→ GIVEN INFORMATION
= = = = =
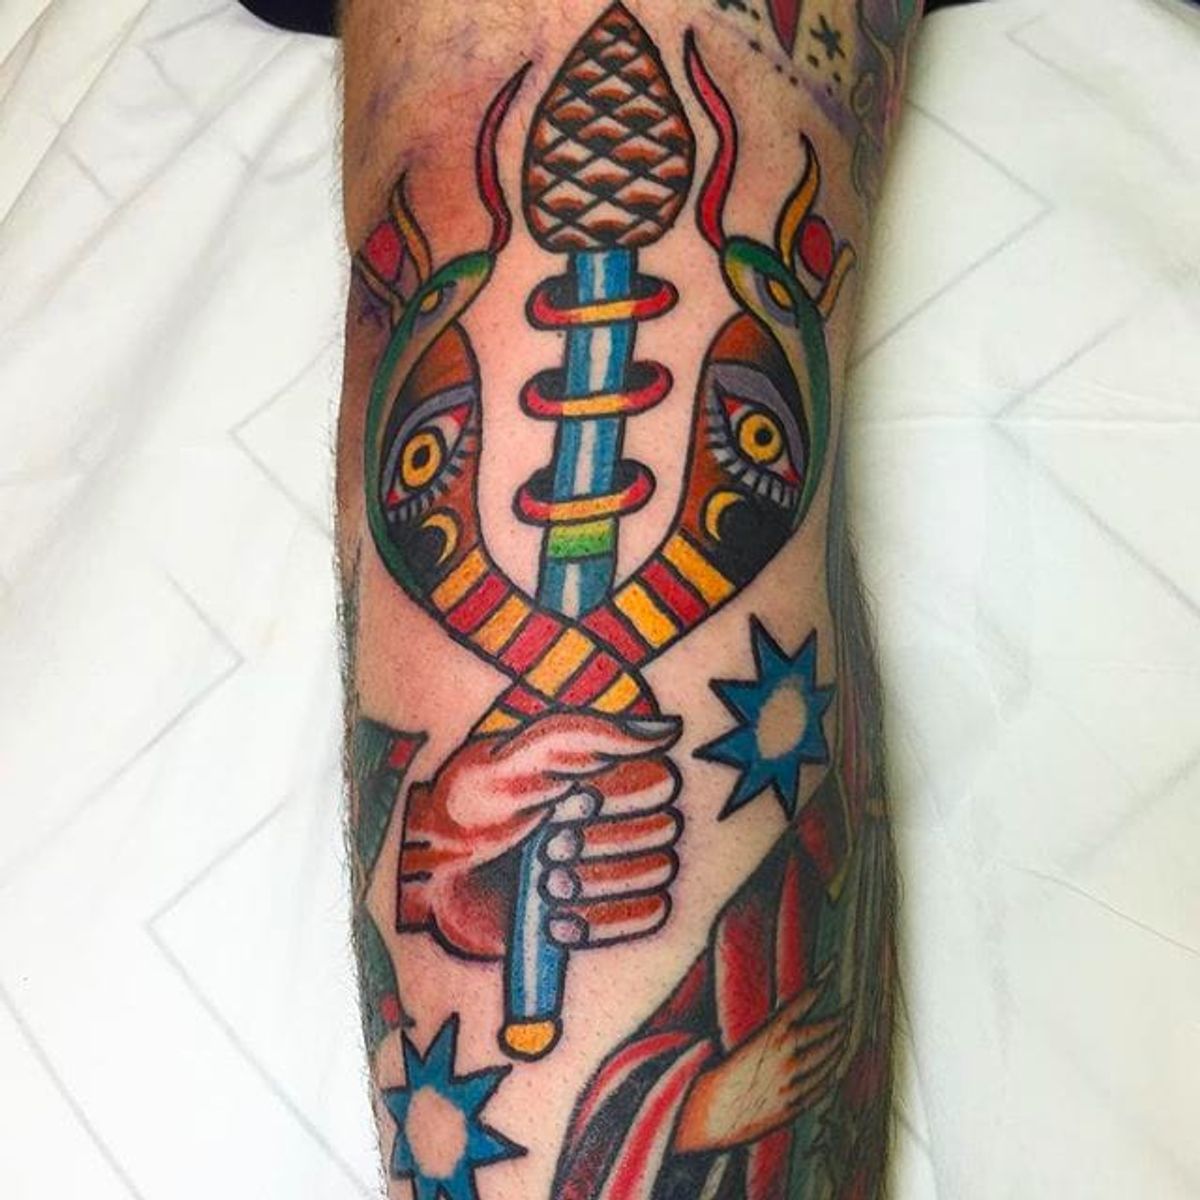 Tattoo uploaded by rcallejatattoo • Snakes, pine cone staff. The ...
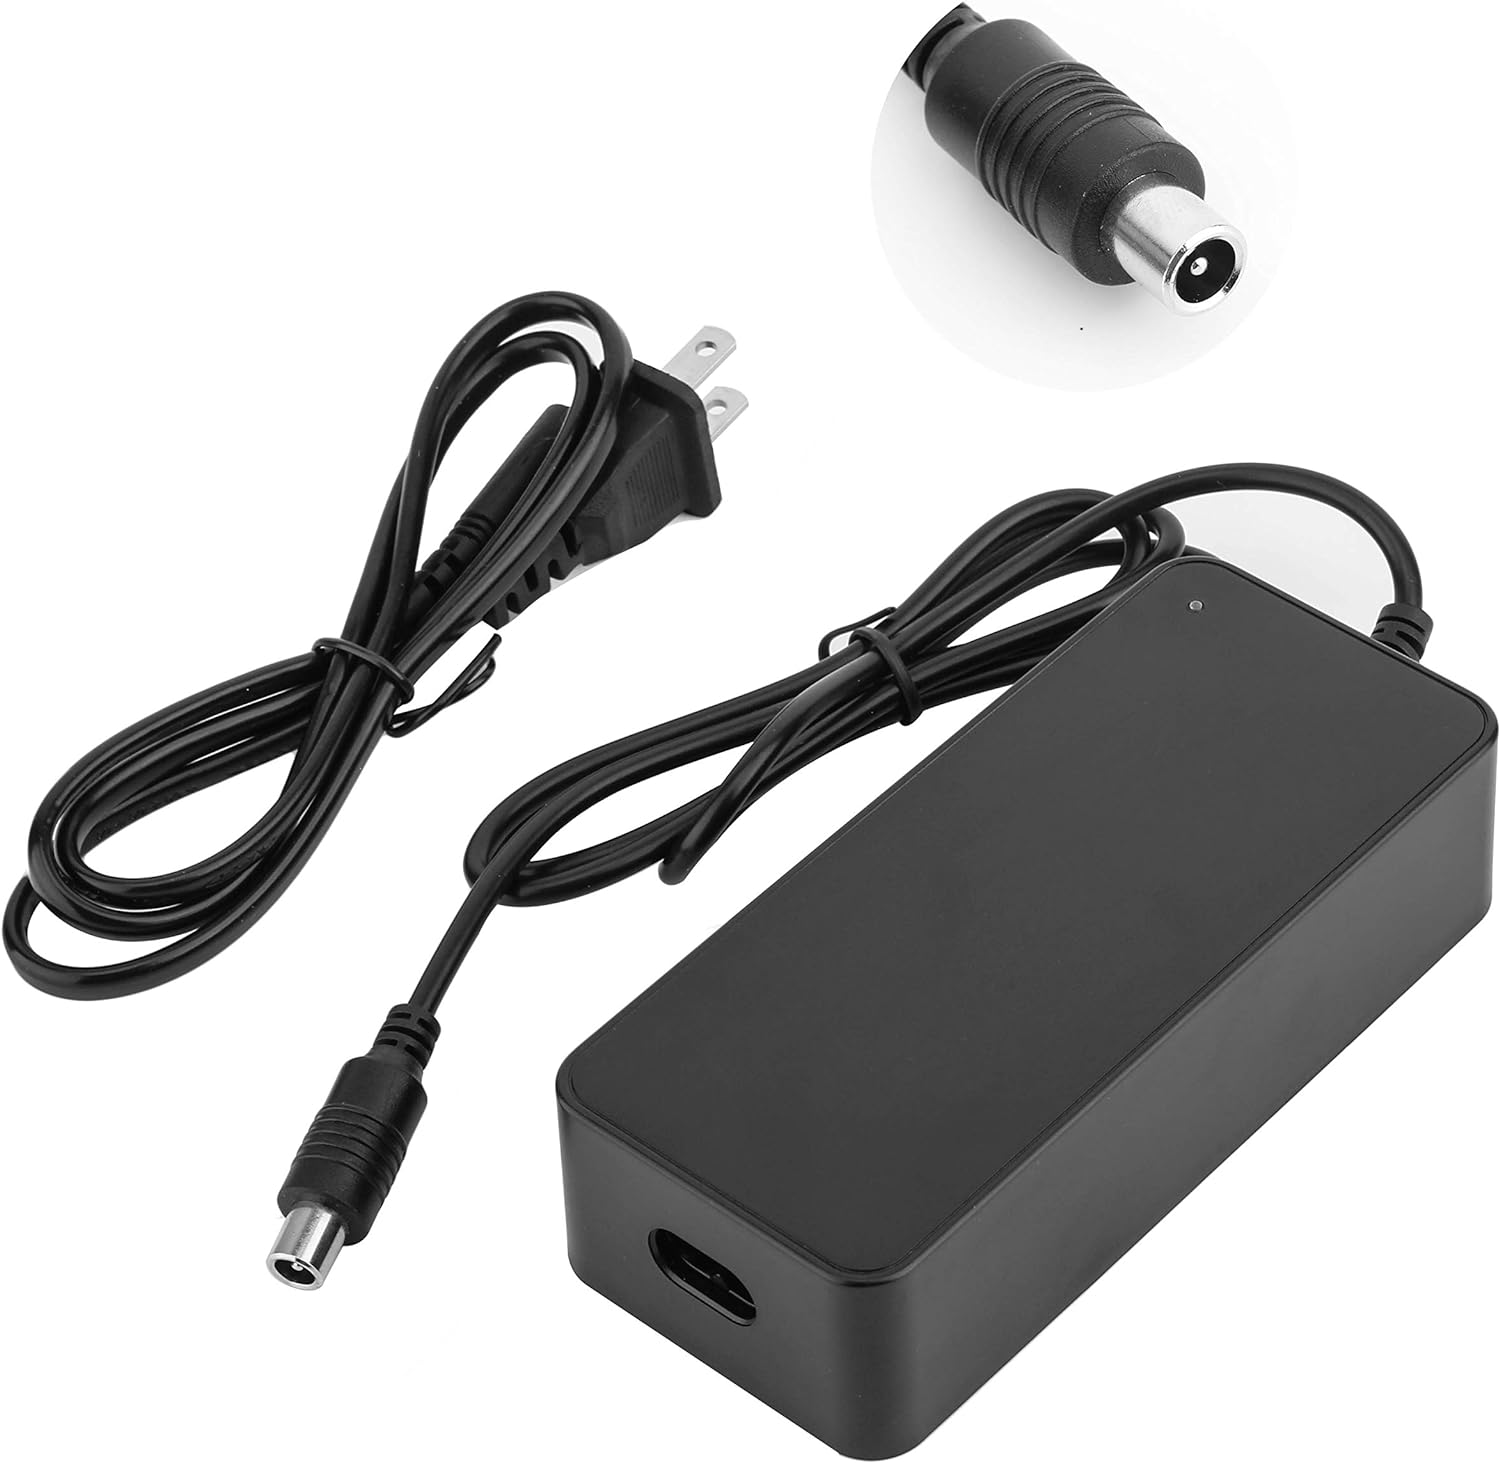 42V 2A (84W) Power Adapter for Lime Scooter Chargers for Ninebot G30LP ES2 ES4 ES1L F20 F30 F40 E22
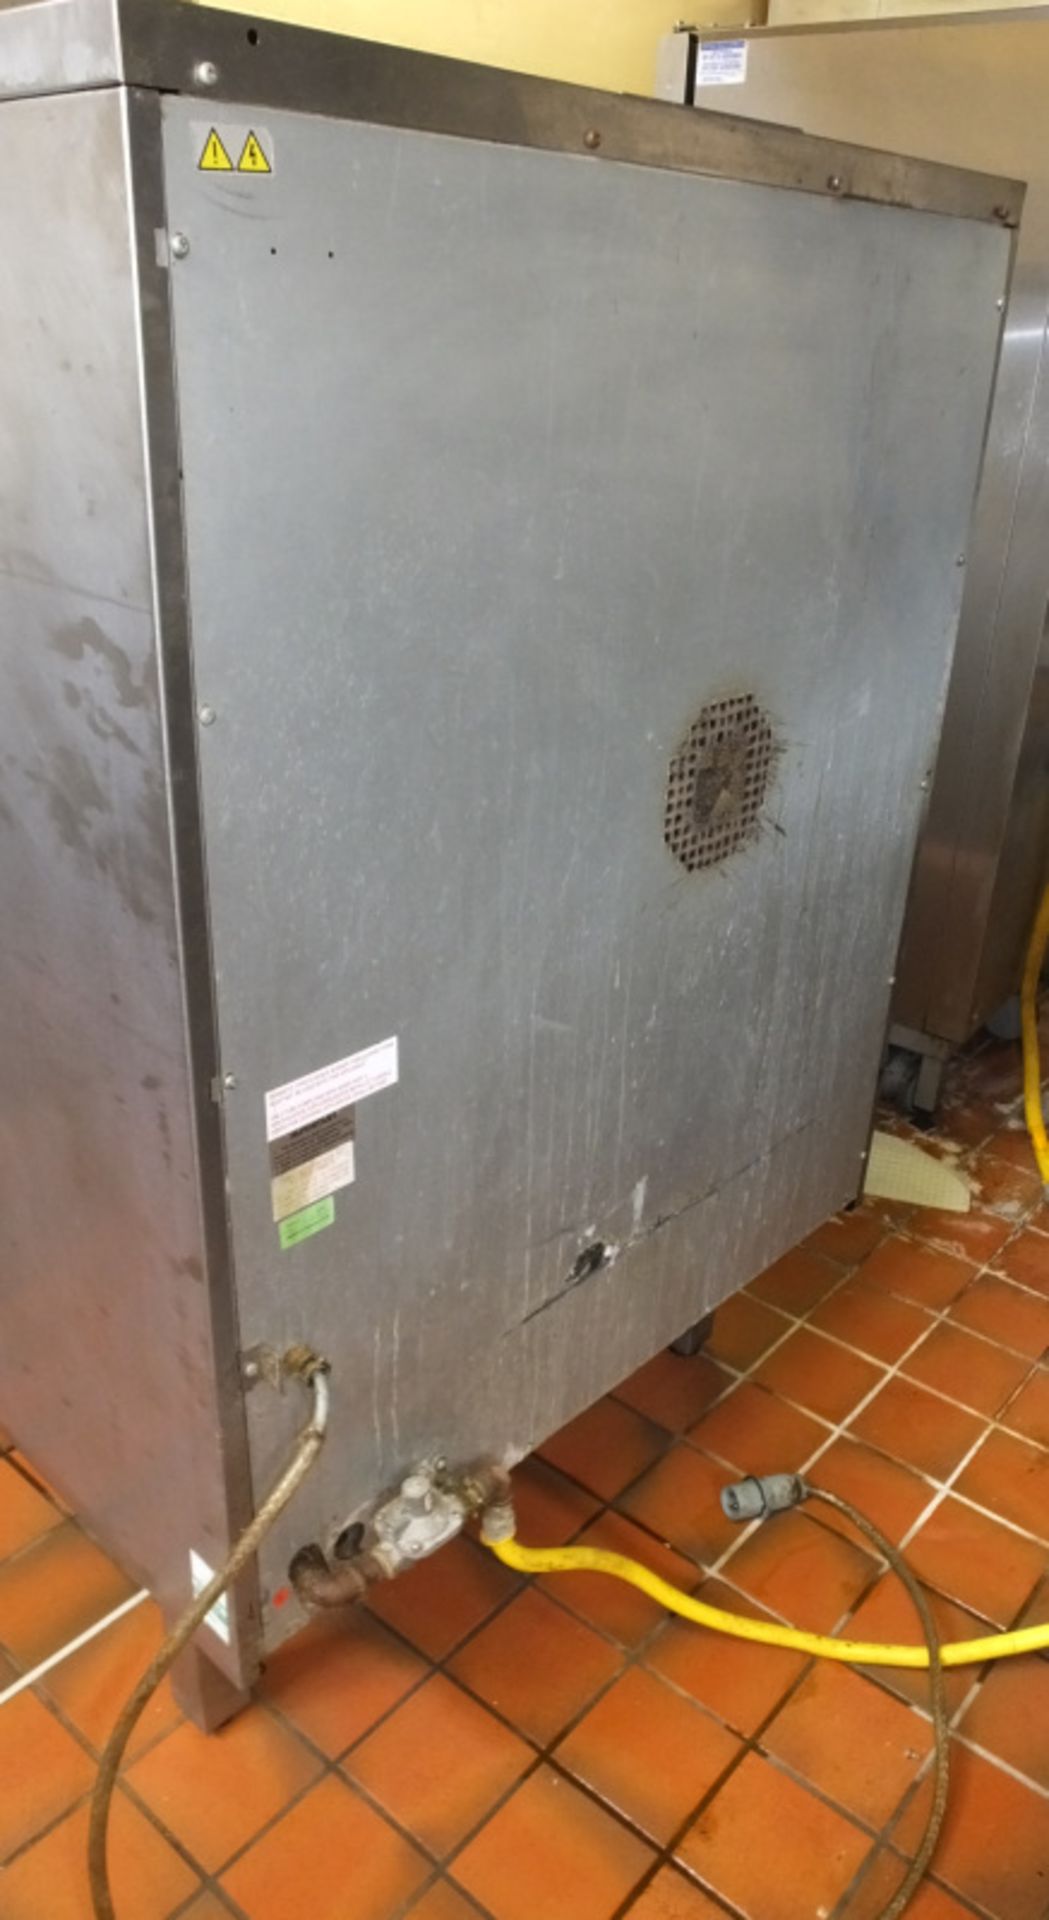 Falcon G7211 Convection Oven - Natural Gas - Single Phase - 240v - Serial No. F440532 - Image 6 of 6
= = = = =
→ WHAT TO WORK ON
Give the data back exactly, omitting all pictures.

→ EXERCISE SOLUTION
 Tattoo uploaded by rcallejatattoo • Snakes, pine cone staff. The ...
 42V 2A (84W) Power Adapter for Lime Scooter Chargers for Ninebot G30LP ES2 ES4 ES1L F20 F30 F40 E22
 Falcon G7211 Convection Oven - Natural Gas - Single Phase - 240v - Serial No. F440532 - Image 6 of 6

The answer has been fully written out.